Un nouveau sage grec

Je l’ai découvert à la fin de l’année.

Le jour de Noël.

Mais pas le vingt-quatre, veille de Noël, quand nous illuminons les sapins.

Le lendemain, le vingt-cinq, quand tous se reposent, se réjouissent des cadeaux reçus, les enfants commencent à casser les jouets de la veille, le mari a eu le temps de comprendre que le cadeau qu’il a reçu avait été acheté sur son compte, madame vient de décider qu’elle changerait de sac à main dès la réouverture des magasins.

C’est en ce jour endormi, paresseux, que Szakalits que je nommerai par la suite simplement Socrate m’est venu à l’esprit. Il m’est venu à l’esprit et j’en ai eu honte. Mon pauvre ami, bien sûr j’avais pensé à tout le monde sauf à lui qui aurait pourtant le plus besoin d’affection le jour de Noël : il a dû passer la soirée en grelottant dans sa chambre non chauffée, oublié de tous.

J’ai rapidement empaqueté quelques-uns de mes cadeaux et je me suis précipité chez lui, dans sa chambre en location.

Il était huit heures du soir.

Les propriétaires ne se trouvaient pas à la maison, ils étaient allés au théâtre. C’est lui qui m’a ouvert la porte, le visage enthousiaste et solennel.

- Oh, je suis très heureux de te voir ! Tu arrives au meilleur moment ! Tu vas m’aider à allumer les bougies !

Il m’a pris par la main et m’a conduit dans sa chambre où le feu crépitait allègrement. Je me suis arrêté, étonné. Un sapin de Noël modeste mais fier trônait sur la petite table : quelques bougies étaient déjà allumées, les autres attendaient.

- N’est-ce pas beau ? – se vanta-t-il.

- Si, dis-je prudemment, c’est très beau mais…

- Mais ?

- Mais… heu… tu n’as peut-être pas consulté le calendrier… c’est vrai, mon ami… nous sommes le vingt-cinq aujourd’hui… et les gens allument les bougies le vingt-quatre en général…

Il acquiesça de la tête.

- En général oui, c’est bien vrai. Mais le fait est qu’hier je n’en aurais pas eu les moyens. Par contre ça me fait autant plaisir aujourd’hui.

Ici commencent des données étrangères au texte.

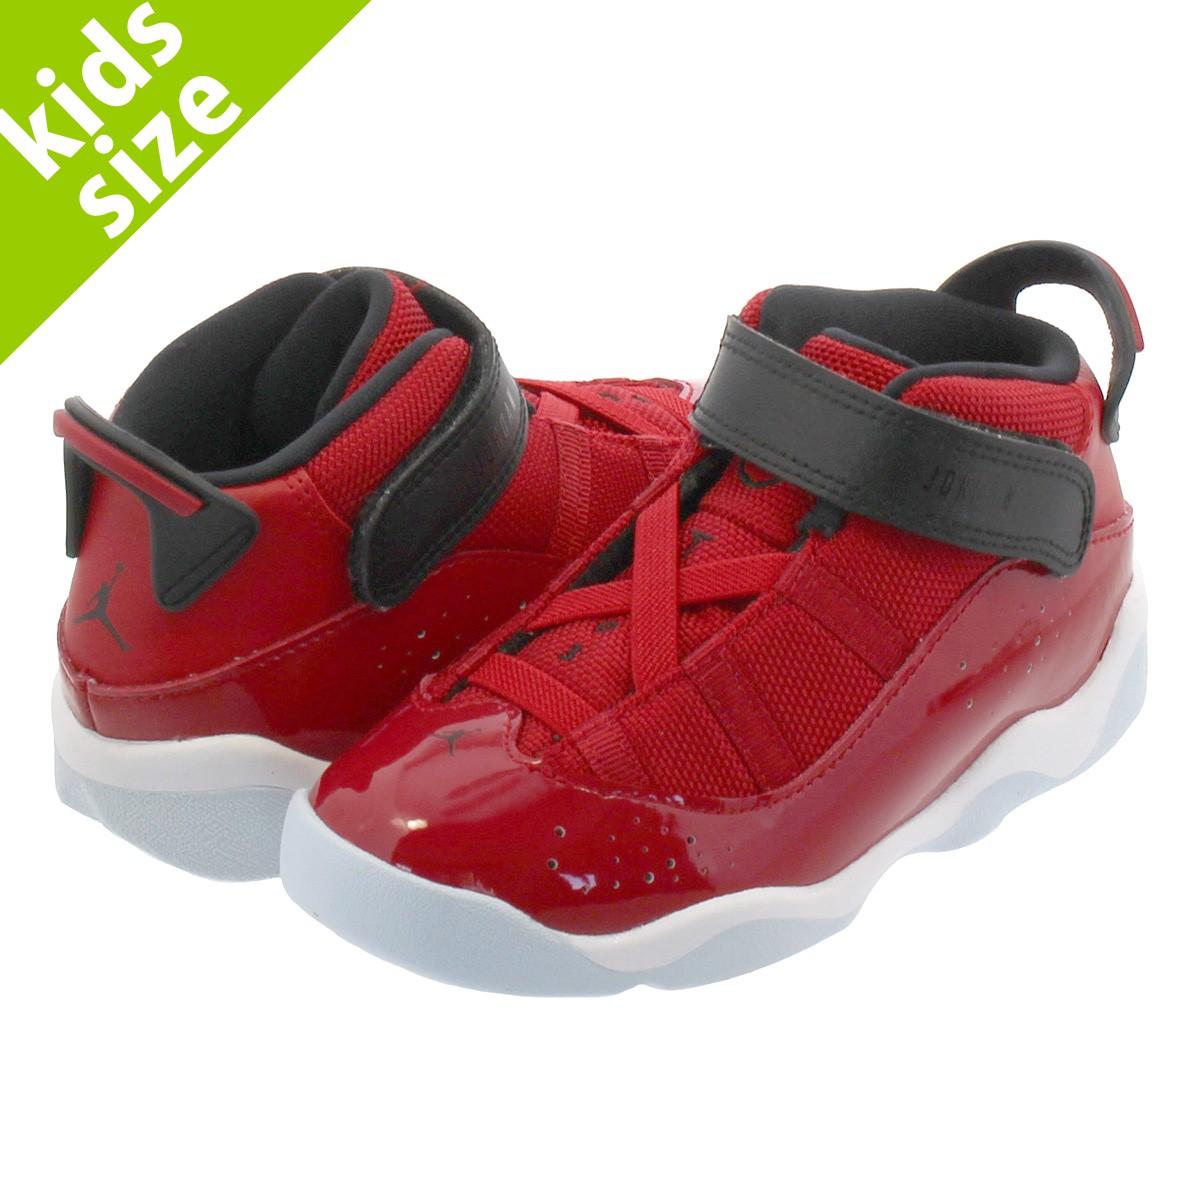 Jordan 6 Rings Gym Red//Black-White 323420 601 TD

- Tu n’en aurais pas eu les moyens ?

Il afficha un sourire serein, sans amertume.

- Un petit arbre comme ça se vendait hier quatre pengoes. Le prix des décors se montait à trois ou quatre pengoes  pièce. Tu sais combien j’ai payé en tout ce matin à l’aube au marché sur le quai du Danube où on commençait à jeter dans l’eau les invendus ? Tout ce que tu vois ici, arbre et décorations, ça m’est revenu à un pengoe cinquante.

 

C’est ce soir-là que j’ai rencontré la sagesse de Socrate, cette stratégie économique pratique qui lui permet de vivre gentiment, modestement mais tranquillement sans ce travail honni et antipathique qui n’est vraiment pas fait pour lui, il prend part à tout ce que notre époque offre à l’homme d’aujourd’hui tandis qu’il peut rester contemplatif et fidèle à lui-même.

Socrate est un locataire de la vie. Il finit par tout obtenir comme les autres, mais pour très peu d’argent, sans fatigue et sans effort.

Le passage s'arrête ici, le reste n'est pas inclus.